**Exercise directions:** Only one stretch of the material below is wanted: everything from the line containing "Stempel z logo wanoga" down to the line containing "83 FLAMME ST", both ends included. Repeat it exactly and skip the pictures.

**Data provided:**

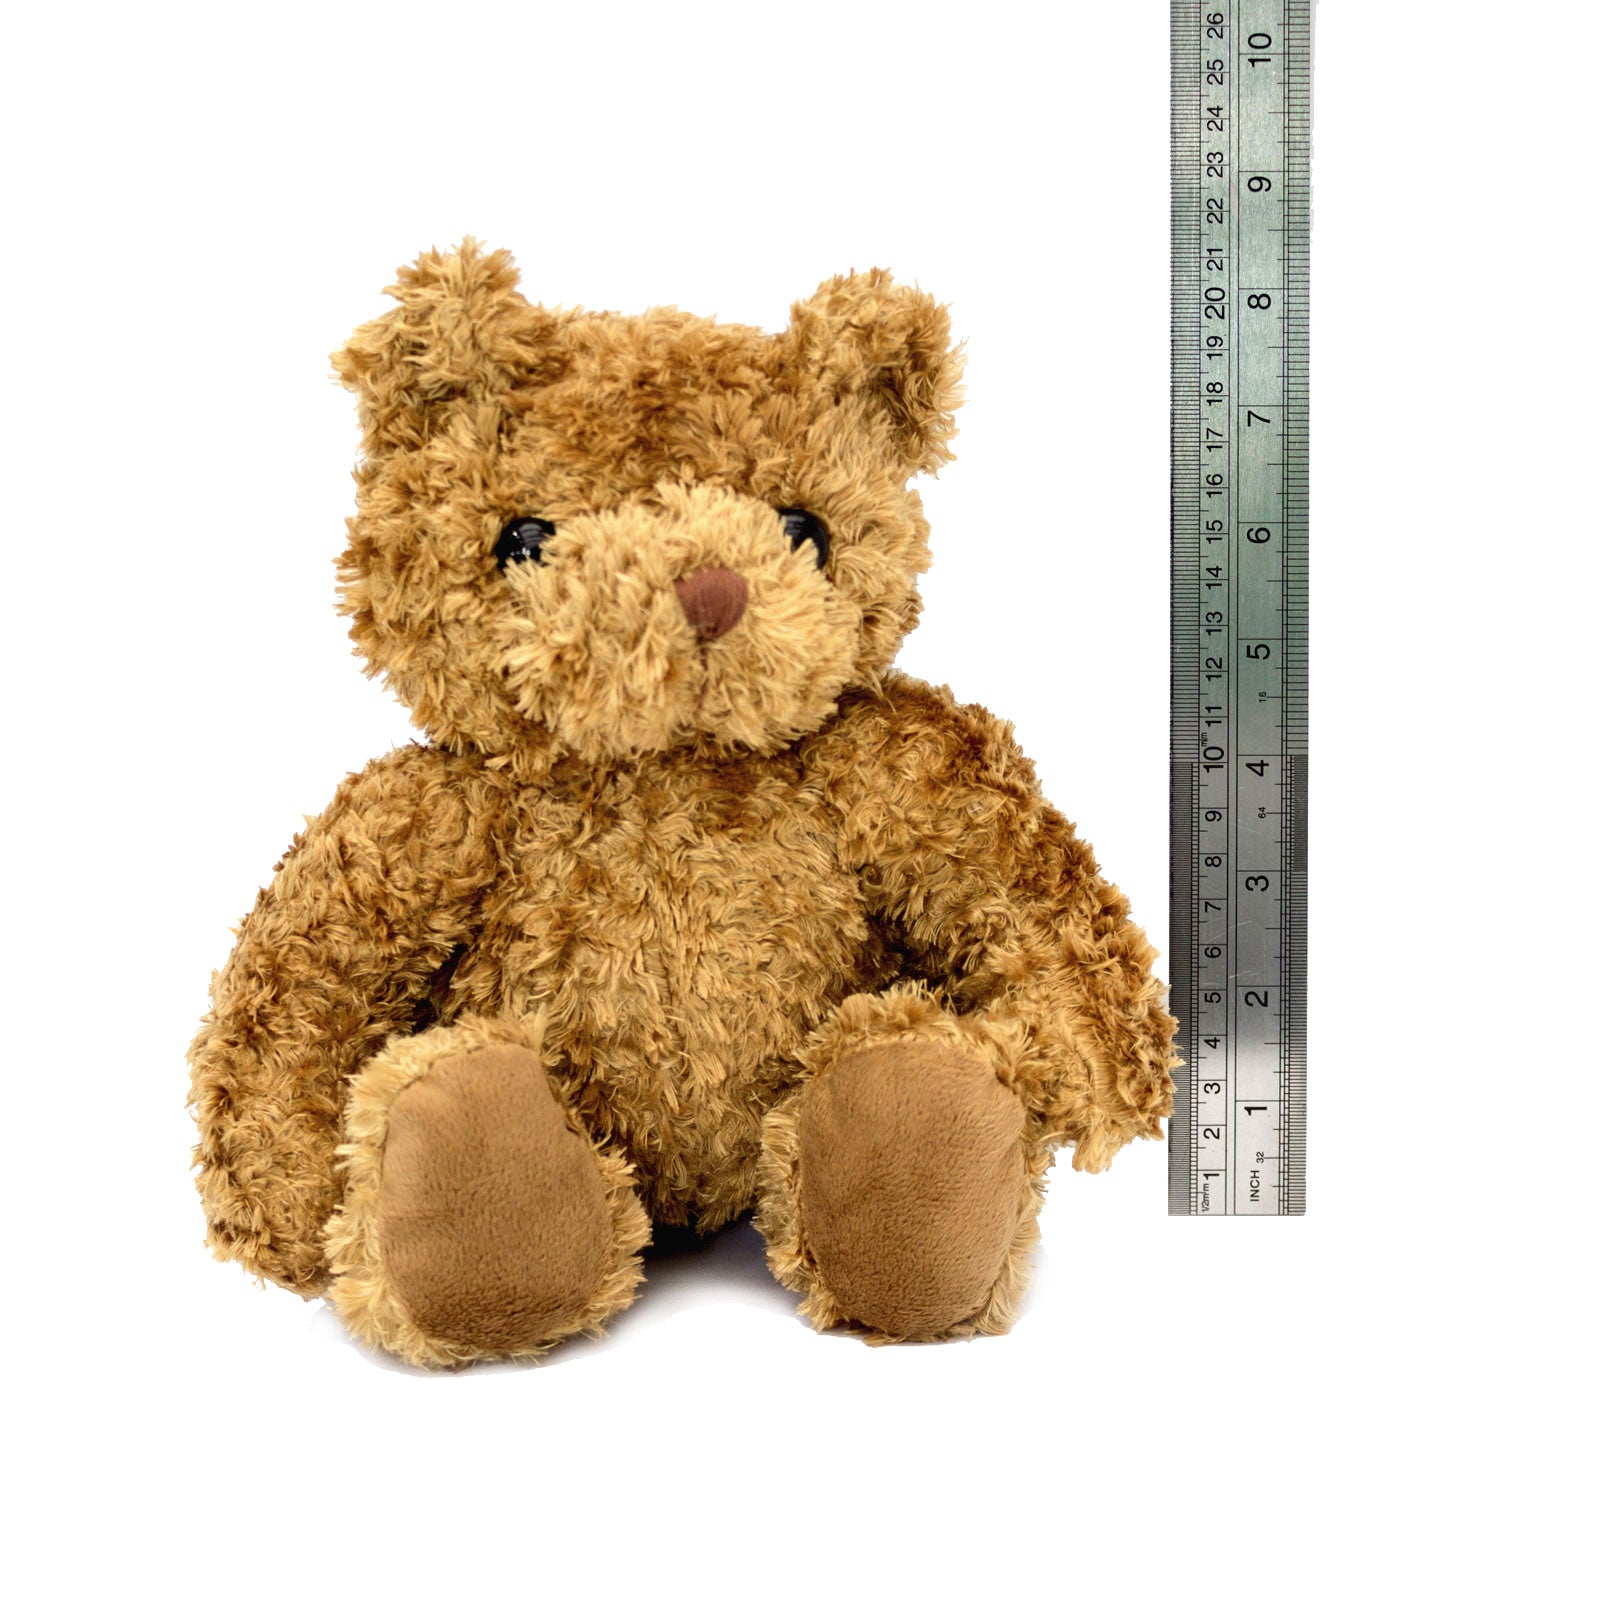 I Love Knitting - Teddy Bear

--

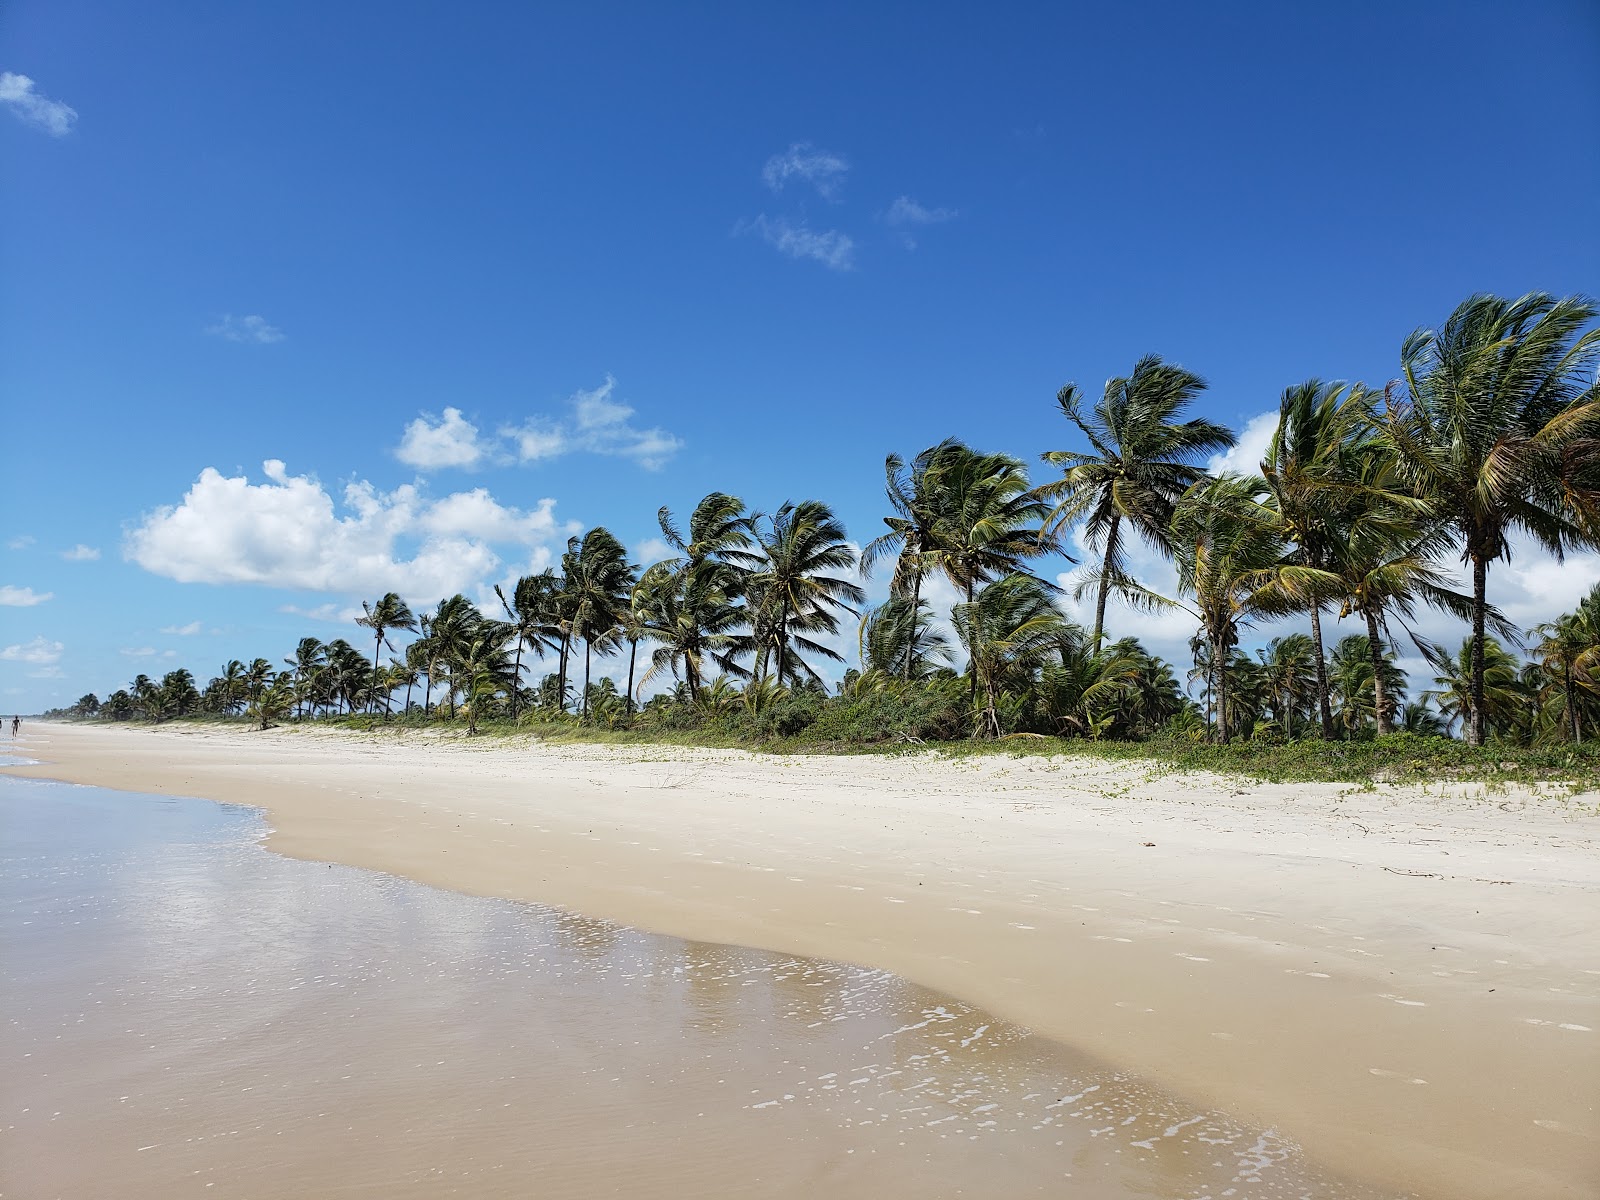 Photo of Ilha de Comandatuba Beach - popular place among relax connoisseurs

==

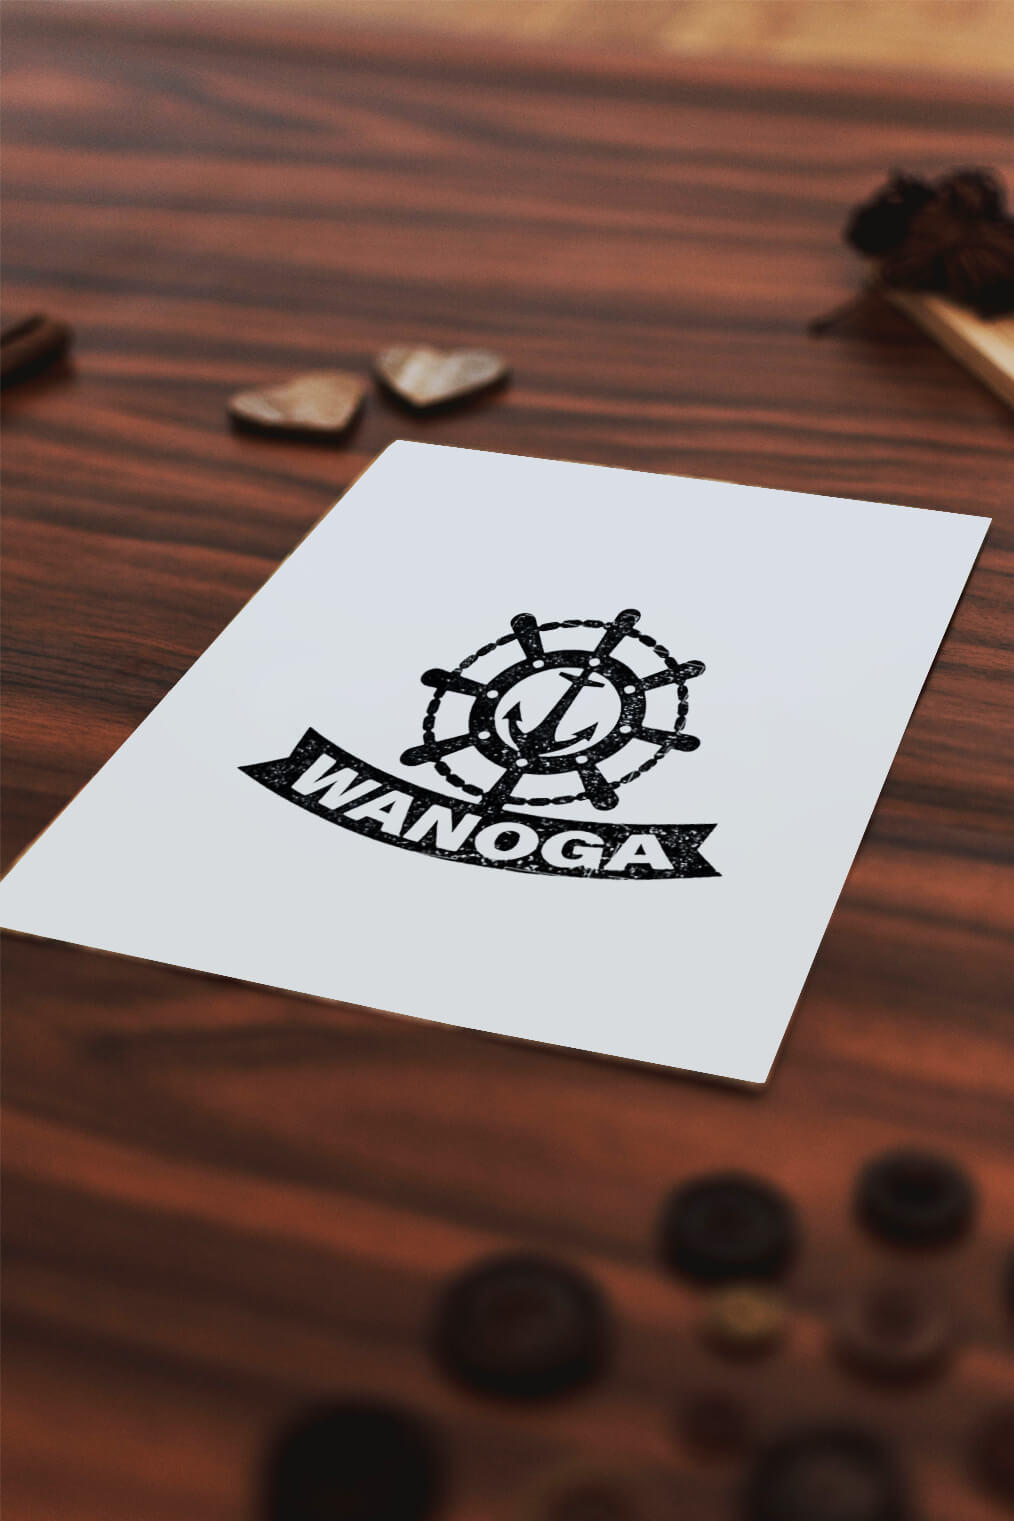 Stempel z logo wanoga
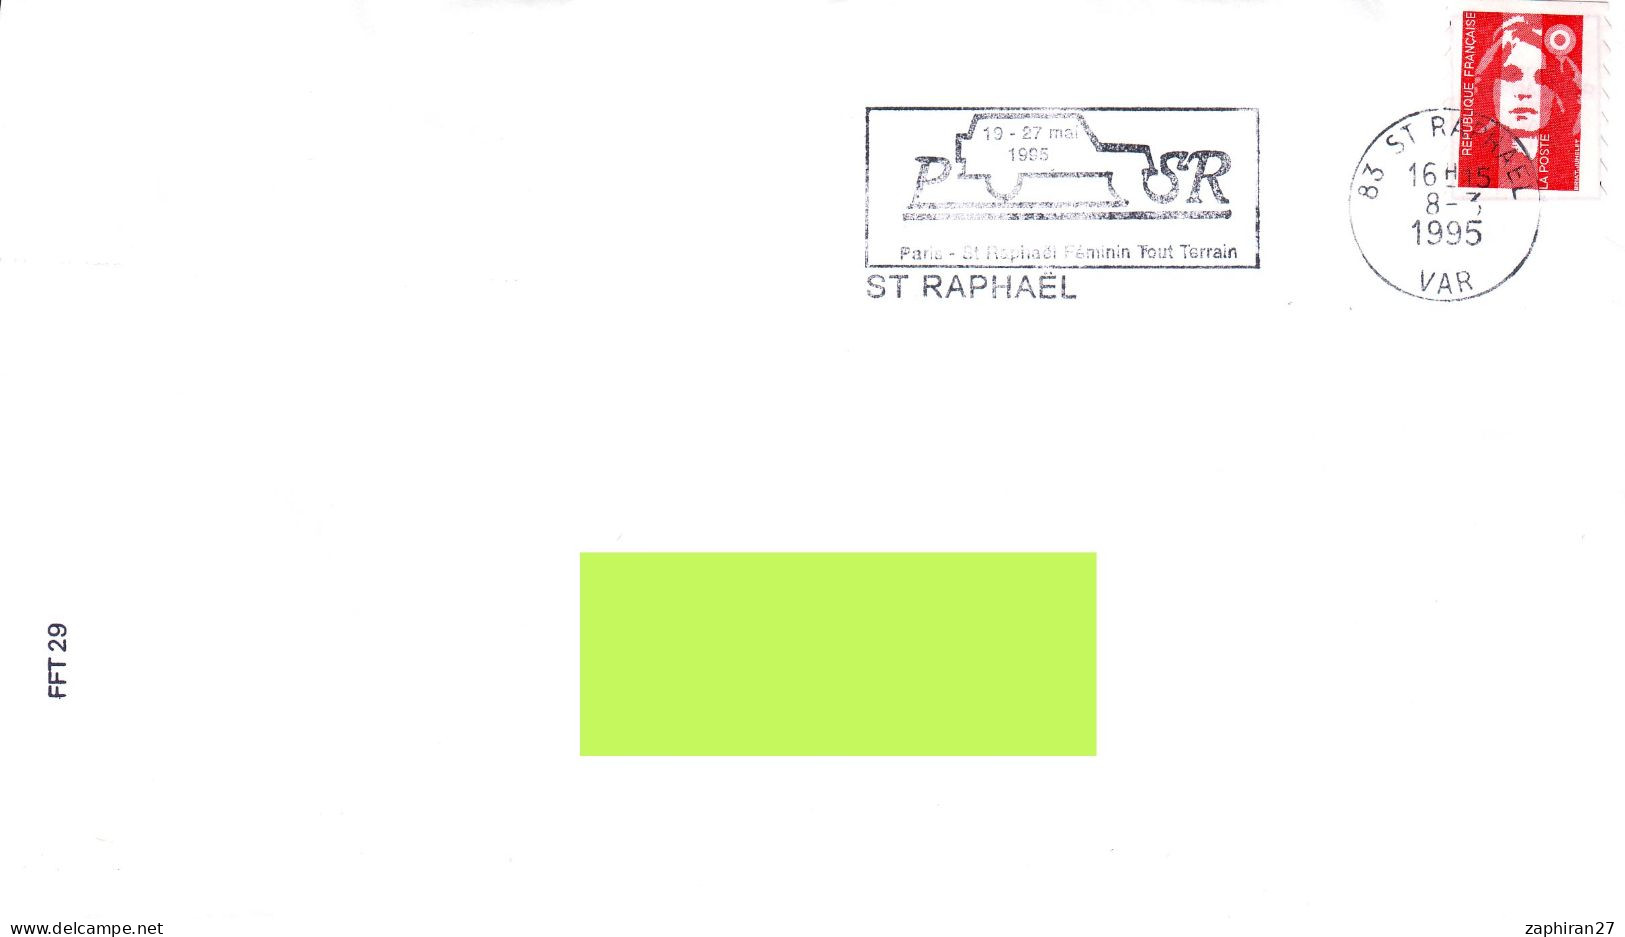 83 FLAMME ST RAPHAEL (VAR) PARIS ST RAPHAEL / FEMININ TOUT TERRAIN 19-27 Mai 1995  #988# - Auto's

**Task result:**
 Stempel z logo wanoga
 83 FLAMME ST RAPHAEL (VAR) PARIS ST RAPHAEL / FEMININ TOUT TERRAIN 19-27 Mai 1995  #988# - Auto's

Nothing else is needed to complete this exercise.